Those are great Ronald thanks!!  I agree the Speed and Ease with the bolt looks like the one on my frame, but I was wondering if Zenith had their own decal , or if Snyder put on a decal of their own before they sent the bikes out to Marshal Wells? Was Speed and Ease a Rollfast or Hawthorne?

I think this (top left) is the decal Strings and Spokes has on his Zenith..


----------



## supper15fiets (Jan 16, 2010)

WEAKFISH said:


> Those are great Ronald thanks!!  I agree the Speed and Ease with the bolt looks like he one on my frame, but I was wondering if Zenith had their own decal , or if Snyder put a decal of their own before they sent the bikes out to Marshal Wells? Was Speed and Ease a Rollfast or Hawthorne?





I think that Rollfast used the "speed & ease" decal standard on some frames for a period, i saved a lot of pictures of Zepframes from the web, the most comment decal is the lightning bolt decal, also my frame had one on it, but the badge was Samsco,i am also grazy about this little decal, it will finish your bike....


----------



## axsepul (Nov 21, 2011)

I have seen two bikes around here with that style of frame but had an excelsior badge.

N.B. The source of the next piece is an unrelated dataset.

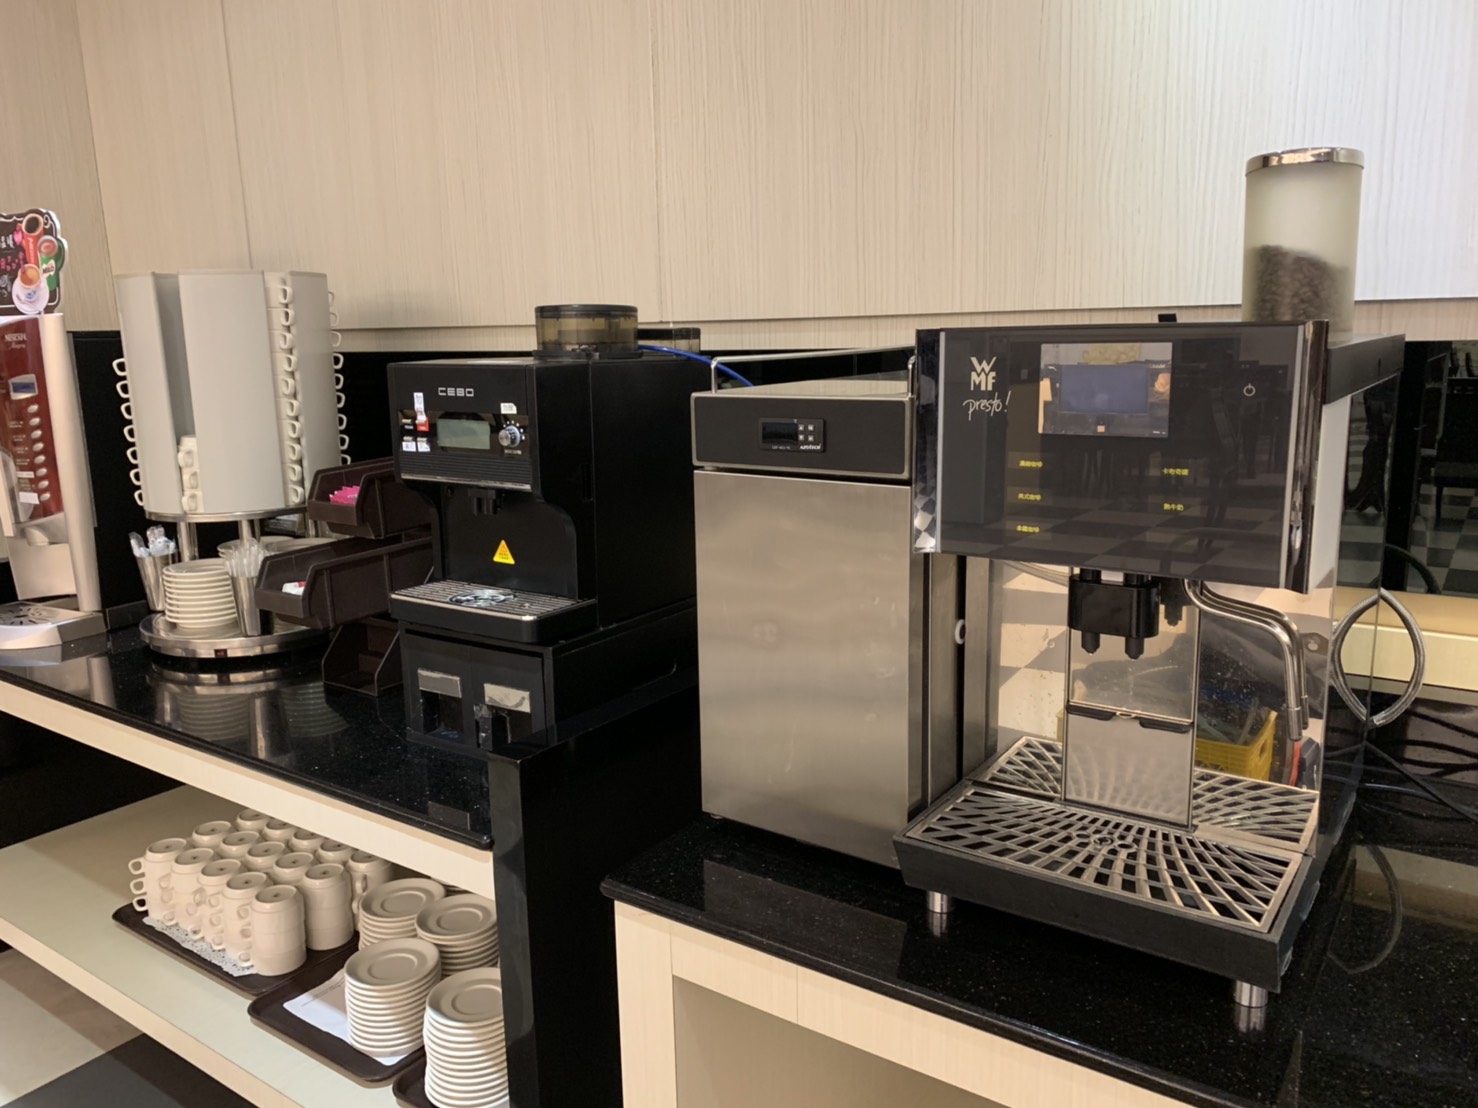 台南 嘉義 飯店 presto WMF 全自動咖啡機 租 買賣 維修 超商咖啡機
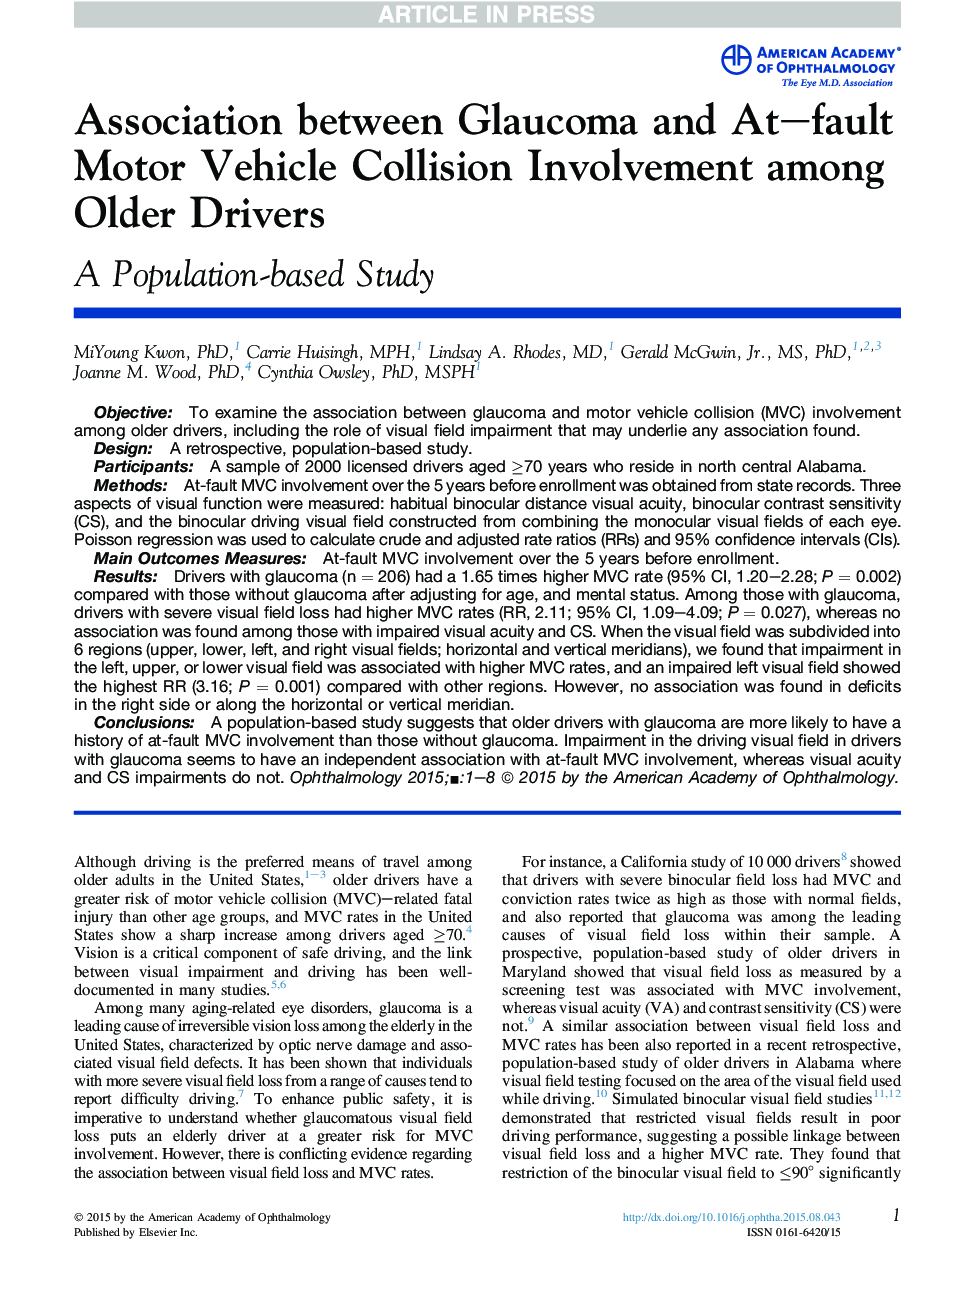 ارتباط بین گلوکوم و برخورد موتورهای ناشی از نقص موتور در میان رانندگان قدیمی تر

Is that possible?


----------



## Old Man Wolf (Jun 19, 2013)

*Reviving A 2 Year Old Thread...*

Hey Guys,
I realize this is a 2 year old thread...
... but I'm in the same boat tring to find photos of a Marshall Wells Zenith!
(Just I'm looking for '37-'38 instead of '36!)

When in need - leave no stone unturned right???

WeakFish - Did you ever find any photos of a '36 (ish) Marshall Wells Zenith WITH a tank???

Talk Soon!
Blessings!
Will & Wendy,


----------



## Barto (Jan 24, 2018)

This is a great thread and well deserves to be re-posted.  If you like Pre War Snyder built Fastback frames, this is the thread for you.  These frames are so cool I would put one on my shop wall as Art   Great information about Snyder framed Zep's.   I've read several posts referring to the pre war Snyder built frames as "Zeps"...I knew it was incorrect but I never knew the difference between a Zep frame and a common Snyder built frame.  From what I read in this tread, the locking fork and lock was the common link..no locking fork, no Zep - someone, please correct me if I'm wrong.   I think the frame mounted lock was manufactured by Wise ...if someone was looking, I bet with a bit of patience, a fork and lock will evetually turn up. I would love to see some photos if anyone had good close photos of just the lock and just the locking fork...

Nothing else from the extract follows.